There is also unresolved debate about whether plateaus are primarily a neural phenomenon at all, or whether they reflect the body defending a biologically determined set point through multiple redundant mechanisms that no single drug intervention can fully override. Research into set-point biology has been running for decades without producing a clear therapeutic target, and some obesity researchers are sceptical that addressing any one piece of the neural signaling puzzle will produce meaningfully better outcomes at the population level.
What Comes Next
The most immediate clinical implication of the NIH findings is the potential for combination approaches. If PDE4 inhibition can extend and intensify the cAMP response to GLP-1 activation, roflumilast or next-generation PDE4 inhibitors might extend the duration of effective weight loss on semaglutide before a plateau is reached. Roflumilast is already an approved drug, used for severe chronic obstructive pulmonary disease, which means its safety profile is well characterised and clinical trials for obesity indications could move relatively quickly.

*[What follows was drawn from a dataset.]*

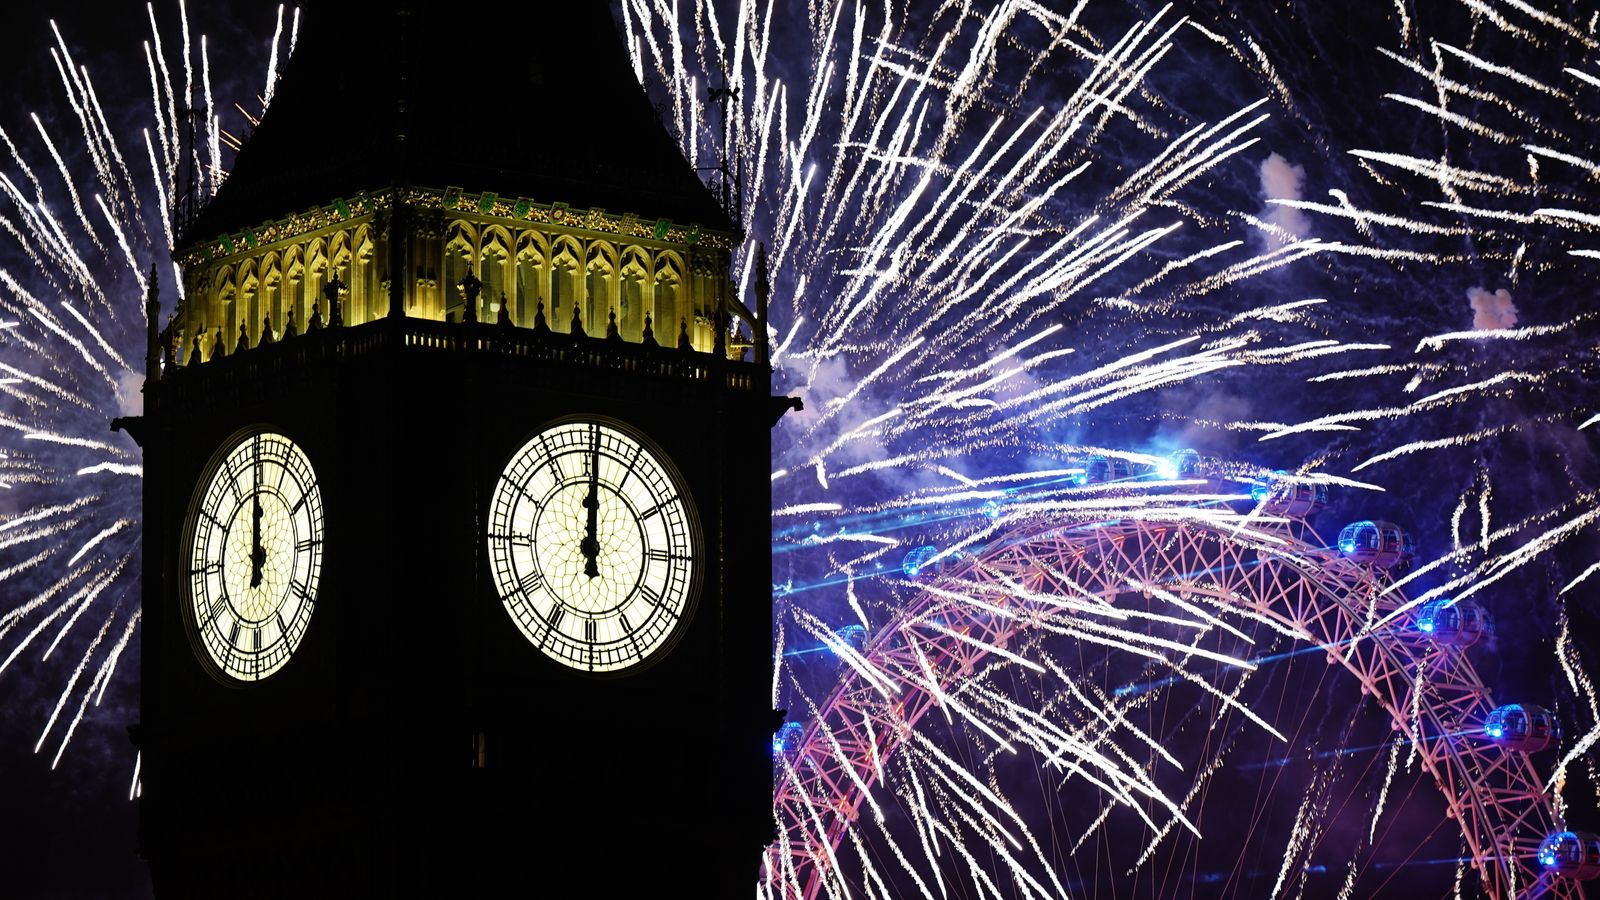 Happy New Year! UK rings in 2023 with spectacular fireworks as celebrations continue around the world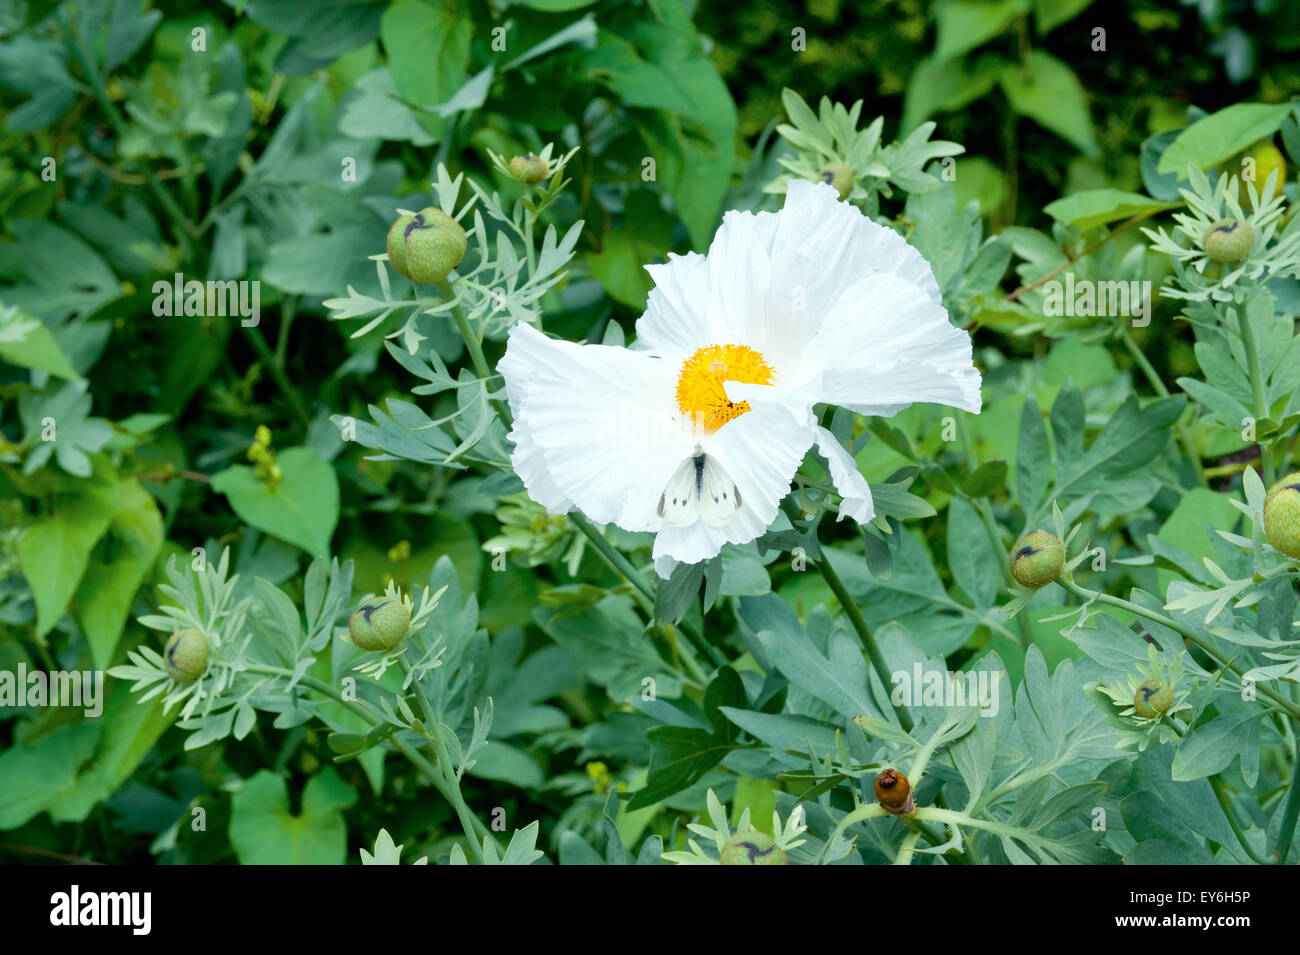 Pua kala (literally rough flower) is a member of the poppy family (Papaveraceae) Stock Photo

The broader significance is what the NIH team’s imaging approach represents for the field. The ability to watch individual neurons respond to a drug in real time, tracking intracellular signaling at the level of molecules rather than observing only behavioural outcomes, provides a new resolution of observation that prior obesity research lacked. The question of why GLP-1 weight loss drugs stop working for so many patients is not fully answered by this week’s paper. But the tools to answer it, in much finer detail than was previously possible, are now clearly in view.
For the roughly 10 million Americans currently taking GLP-1 treatments, and the many more who will start over the next several years as oral formulations reduce cost barriers and Medicare coverage expands access, that matters more than it might initially seem. A drug that works for 68 weeks is not the same as a drug that works indefinitely. Understanding, at the cellular level, why the difference exists is the first step toward closing it.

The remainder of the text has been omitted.